Tune in now and start reaching your potential!

Transcript

Steve Looi 0:05
Hello, everyone, I’m Steven Looi and this is the GrowerIQ podcast. In our very first episode, we talked to Shlomo Booklin, commercial cannabis grow-guru about his first experience with medical cannabis, and about his surprising career in the legal cannabis industry. Enjoy.

I started off by asking Shlomo to tell us about his first exposure to cannabis.

Shlomo Booklin 0:27
I lived in Israel and like every other Israeli had to do – the army service is compulsory. And unfortunately, during that time – it was ’82, ’83, ’84, there was the war between Israel and Lebanon. You probably grew up too young to remember that.

However, today, it’s still considered – that was still considered to be the same as what Vietnam did for the Americans. It’s definitely divided the nation into roads. A useless road, there was no war that had any justification, maybe a political gain, but nothing existing or essential, in terms of threatening the borders or any threat. It was like a political war of the Israeli government against mostly the PLO, the Palestinian Liberation Organization, that used to be a terrorist group. And we were basically stationed in the north of Lebanon close to the north of Israel border. And it was more of a nuisance and again, as I said, there was no justification to live the full deployment of the full Israeli army to deal with a couple of guys with a Kalashnikov.

However, we did go there and over the next 10 years – I wasn’t there for the full 10 years – but over the next 10 years, probably next to 2000 soldiers died for a stupid and useless reason. And, as I said, it divided the country. Still today, it’s a very deep scar in Israeli history. During my army service, as the army and war can be nasty, I was facing a lot. I had seen witnesses; a lot of things happened to a very close colleague of mine who’d been a really good friend of mine. We were hanging in Chile – we used to be very, very good friends and close friends. He lost two legs. I was too embarrassed to see him anymore. Another friend of mine, very close, we slept in the same tent together. He put a bullet in his head and completely died on my shoulder.

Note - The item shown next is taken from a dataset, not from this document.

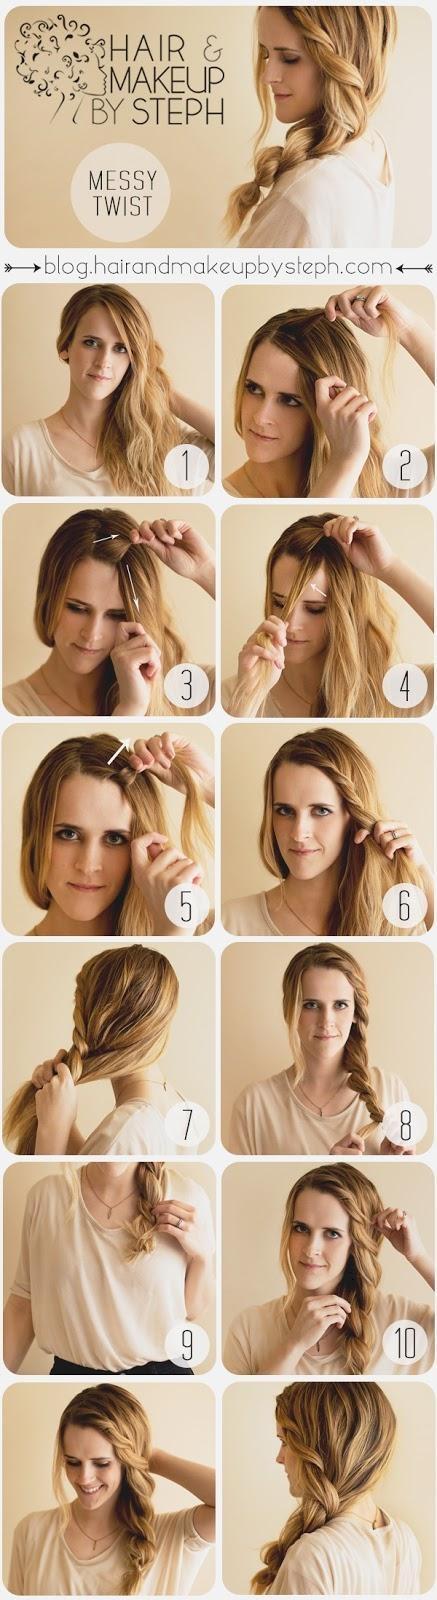 Cute Hairstyles Hair Tutorial with Twist

And, those types of really, really horrible stories. Basically, I started to become – I had very bad reactions to this. At that time, obviously, no one knew what PTSD meant. It was basically called shellshock, or what that was the name.

Steve Looi 3:37
The term for that type of thing.

Shlomo Booklin 3:39
It was the name for the condition. But basically, I was having a nightmare. I couldn’t sleep for more than 10 minutes at night; I was afraid of the dark. I slept for two hours, for 10 minutes and then I woke up screaming and sweating all over. It took me probably 4 – 3,4 hours to calm myself down and remember I was home and then fell asleep again for 10, 20 minutes and woke up again.

I remember having a girlfriend at that time and this happened to us twice. She was just lying on me in bed and I was dreaming there was a dead body sitting on me and I pushed her all the way to the wall. It was because I thought I was dreaming that she was a dead body on me. And after twice I did that to her, she basically said “you’re a nutcase” and she dumped me. And I was definitely a nutcase. No doubt. I obviously didn’t do it on purpose and the medication that the doctors gave me basically made me into a zombie. I was walking with a look of a cow on my face. Walking aimlessly without any reason or rhyme or any purpose, just killing time. I was trying to sleep, I had to take a couple of pills that kind of knocked me over in the morning. Probably at nine o’clock, I woke up took another couple of pills. And as I said, walked around the house aimlessly doing nothing.

Steve Looi 5:24
Were you able to work or study during this period?

Shlomo Booklin 5:26
No, nothing. And I remember myself quoting myself one time sitting in front of the washing machine and trying to change the channel [in front of] the washer thinking that it was the TV. Couldn’t care less about the program.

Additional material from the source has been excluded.